Transformers are advanced deep learning models that excel in handling sequence-to-sequence prediction challenges, outperforming older models like recurrent neural networks (RNNs) and convolutional neural networks (CNNs). Their strength lies in effectively understanding the relationships between elements in input and output sequences over long distances, such as two words far apart in the text. Unlike RNNs, Transformers are capable of parallel training, significantly cutting down training times and enabling the handling of vast datasets. This transformative architecture has been pivotal in the development of large language models (LLMs) like ChatGPT, BERT, and T5, marking a significant milestone in AI progress.

Prior to the introduction of Transformers in the groundbreaking 2017 paper Attention Is All You Need by a group of Google researchers,  natural language processing (NLP) and similar tasks primarily relied on RNNs, including long short-term memory (LSTM) models. RNNs, however, process information sequentially, limiting their speed due to the inability to train in parallel and struggling with maintaining information about earlier parts of a sequence, thus failing to capture long-term dependencies.

The revolutionary aspect of the Transformer architecture is its attention mechanism. This mechanism assesses the relationship between words in a sequence by assigning weights, determining the degree of relatedness in meaning among words based on the training data. This enables models like ChatGPT to comprehend relationships between words, thus understanding human language more effectively. The non-sequential processing of inputs allows for parallel training, reducing training time and facilitating the use of large datasets, thereby powering the rise of knowledgeable LLMs and the current surge in AI advancements.

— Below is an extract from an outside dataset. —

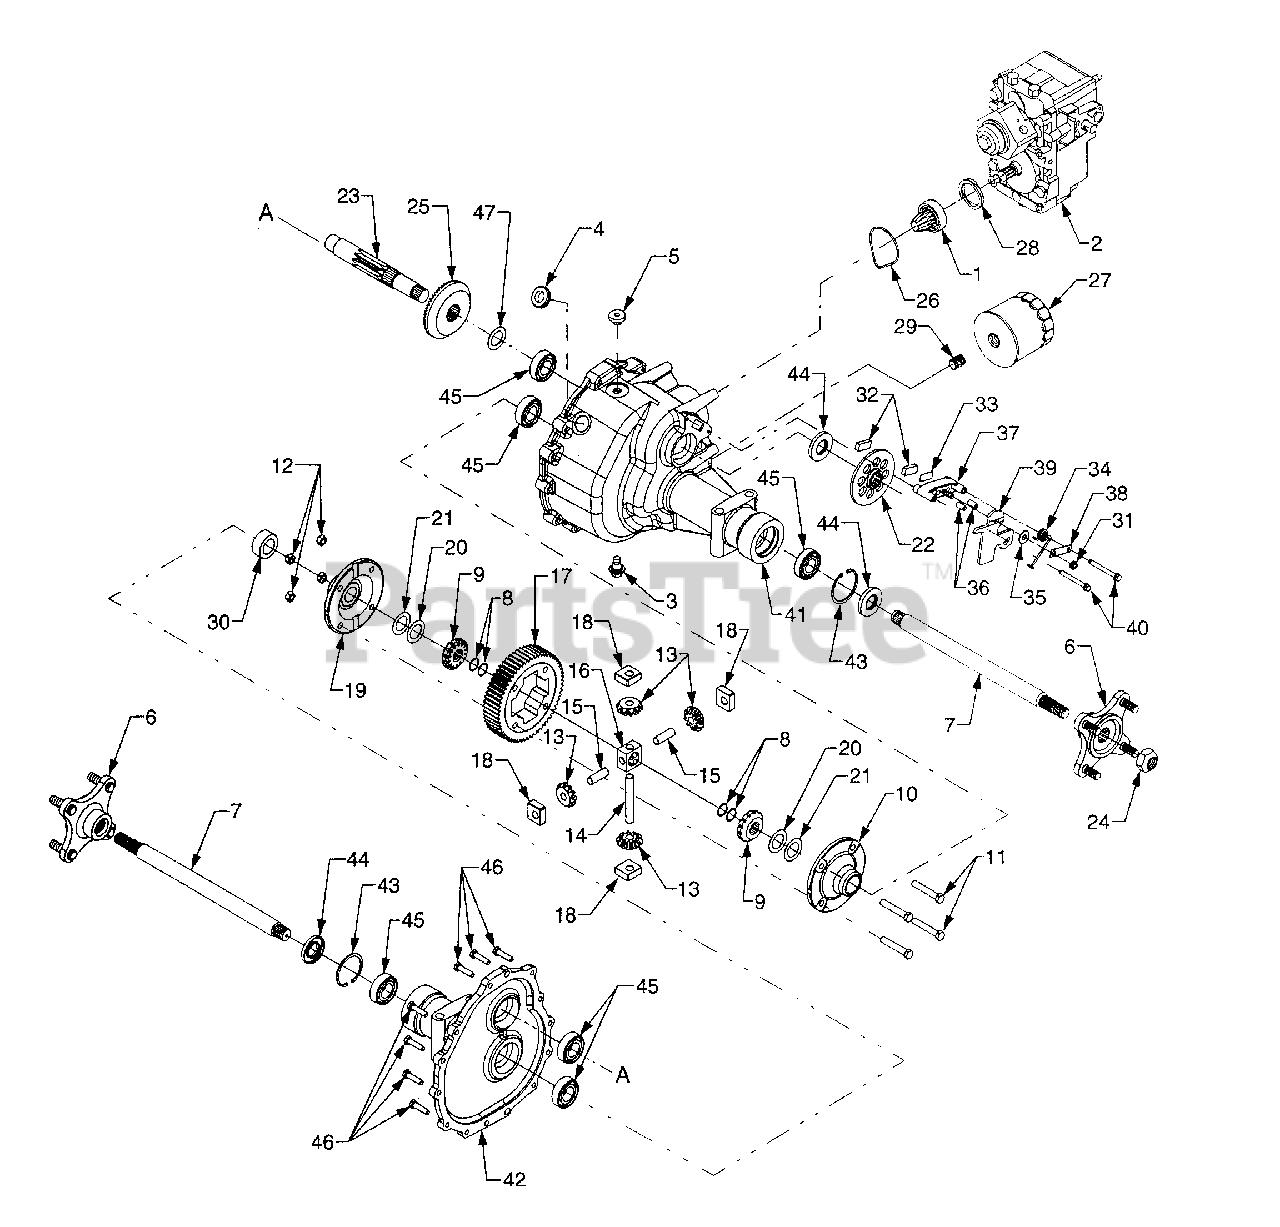 [DIAGRAM] Cub Cadet 3184 Wiring Diagram FULL Version HD

In this chapter, we will delve into building a Transformer from the ground up, based on the paper Attention Is All You Need. The Transformer, once trained, can handle translations between any two languages (such as German to English or English to Chinese). In the next chapter, we’ll focus on training the Transformer developed here to perform English into French translations. 
To build the Transformer from scratch, we'll explore the inner workings of the self-attention mechanism, including the roles of query, key, and value vectors, and the computation of scaled dot product attention (SDPA). We'll construct an encoder layer by integrating layer normalization and residual connection into a multi-head attention layer and combining it with a feed-forward layer. We’ll then stack six of these encoder layers to form the encoder. Similarly, we'll develop a decoder in the Transformer that is capable of generating translation one token at a time, based on previous tokens in the translation and the encoder's output.

This groundwork will equip you to train the Transformer for translations between any two languages. In the next chapter, you’ll learn to train the Transformer using a dataset containing over 47,000 English-to-French translations. You’ll witness the trained model translating common English phrases to French with an accuracy comparable to using Google Translate.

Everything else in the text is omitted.